Disease: prevention of Delayed Graft Function (DGF) following renal transplantation
Therapeutic area: Transplantation - Renal diseases - Kidney diseases
Country:
Trial
details: The phase 1 study is a single centre, prospective, randomised, double blind, placebo-controlled, sequential, dose escalating phase I study to assess the safety and tolerability, pharmacokinetics and pharmacodynamics of intraveneously infused single doses of OPN-305 in healthy subjects.
Latest
news: * On July 5, 2011, Opsona Therapeutics, a biotechnology company focused on novel therapeutic approaches to treat autoimmune and inflammatory diseases, has announced that it has initiated a phase 1 clinical trial in healthy volunteers with its lead drug candidate OPN-305. This is a first-in-human study with OPN-305.Opsona has identified the prevention of Delayed Graft Function (DGF) following renal transplantation as its likely first target clinical indication for the development of OPN-305. Opsona believes that OPN-305 has the potential to provide a novel treatment option for a much wider variety of human diseases, including acute kidney injury, cancer, cardiovascular disease and others.

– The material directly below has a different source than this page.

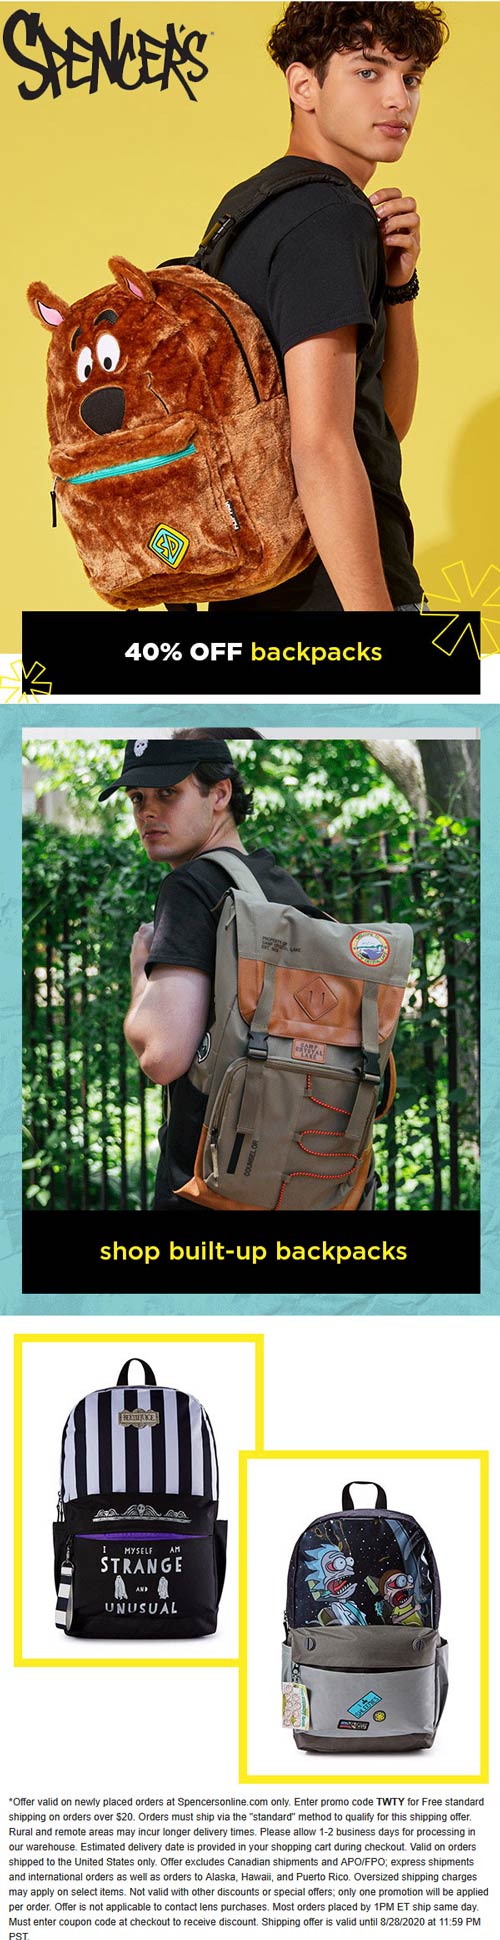 Spencers stores Coupon  40% off backpacks at Spencers + free shipping via promo code TWTY #spencers 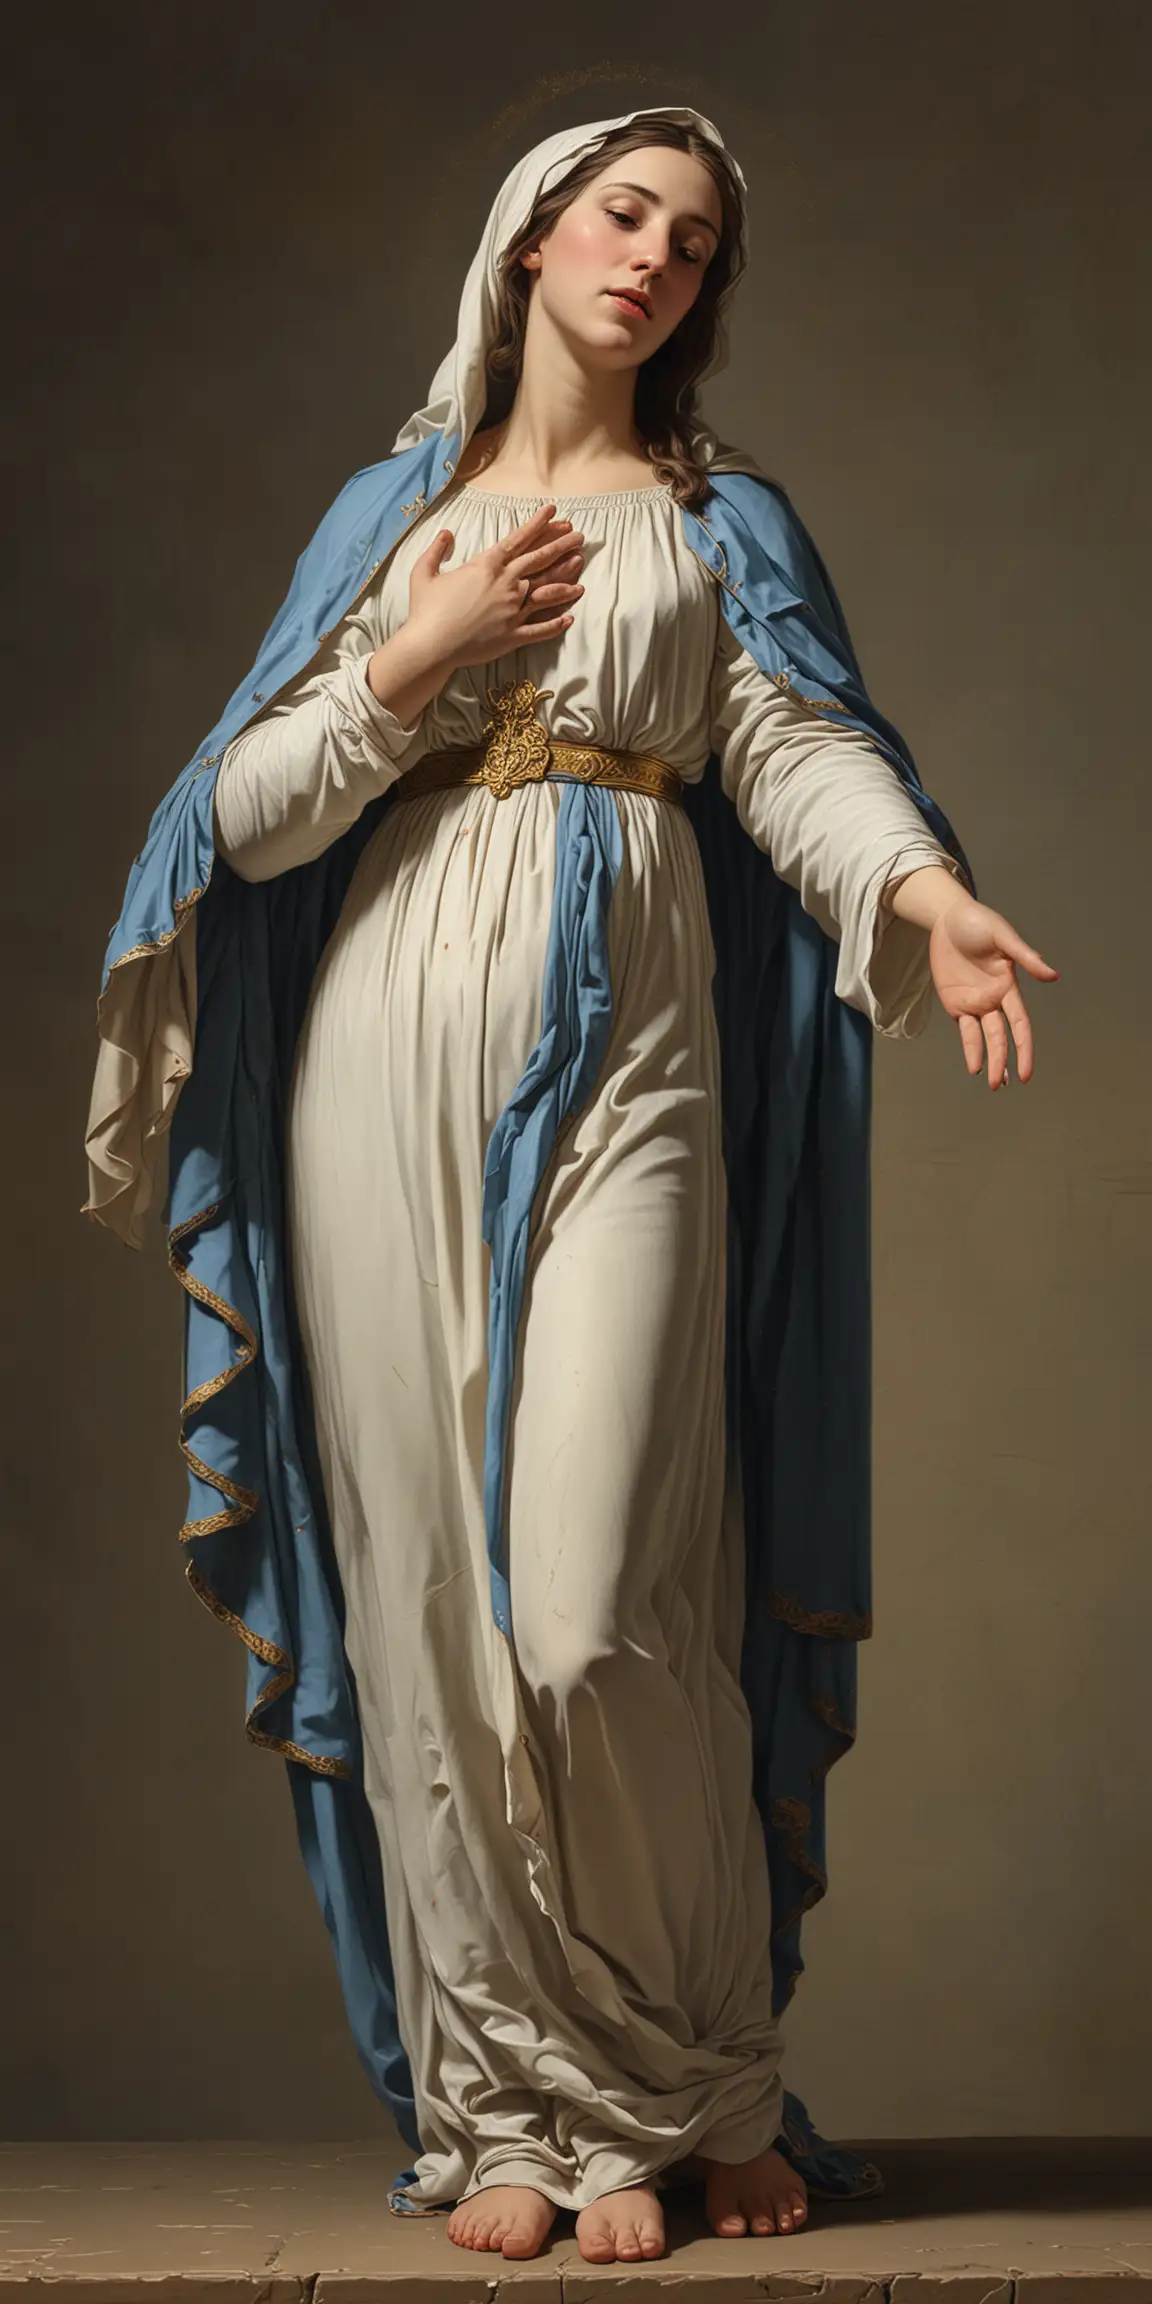 A full-figure painting rendered in the style of French artist Jacques-Louis David showing the side-view of the beautiful Virgin Mary with her clasped hands looking upwards

This phase 1 study will provide the basis to explore the broad medical and commercial viability and opportunity of OPN- 305 in a variety of indications with unmet medical needs.Opsona was recently awarded €5.9 million from the European Commission to lead a European framework 7 (FP7) consortium of research and clinical groups (termed MABSOT*) to advance this clinical trial. Following successful completion of the phase 1 trial, the Company plans to conduct a prospective randomized placebo-controlled phase 2 trials in the prevention of DGF to be initiated in 2012.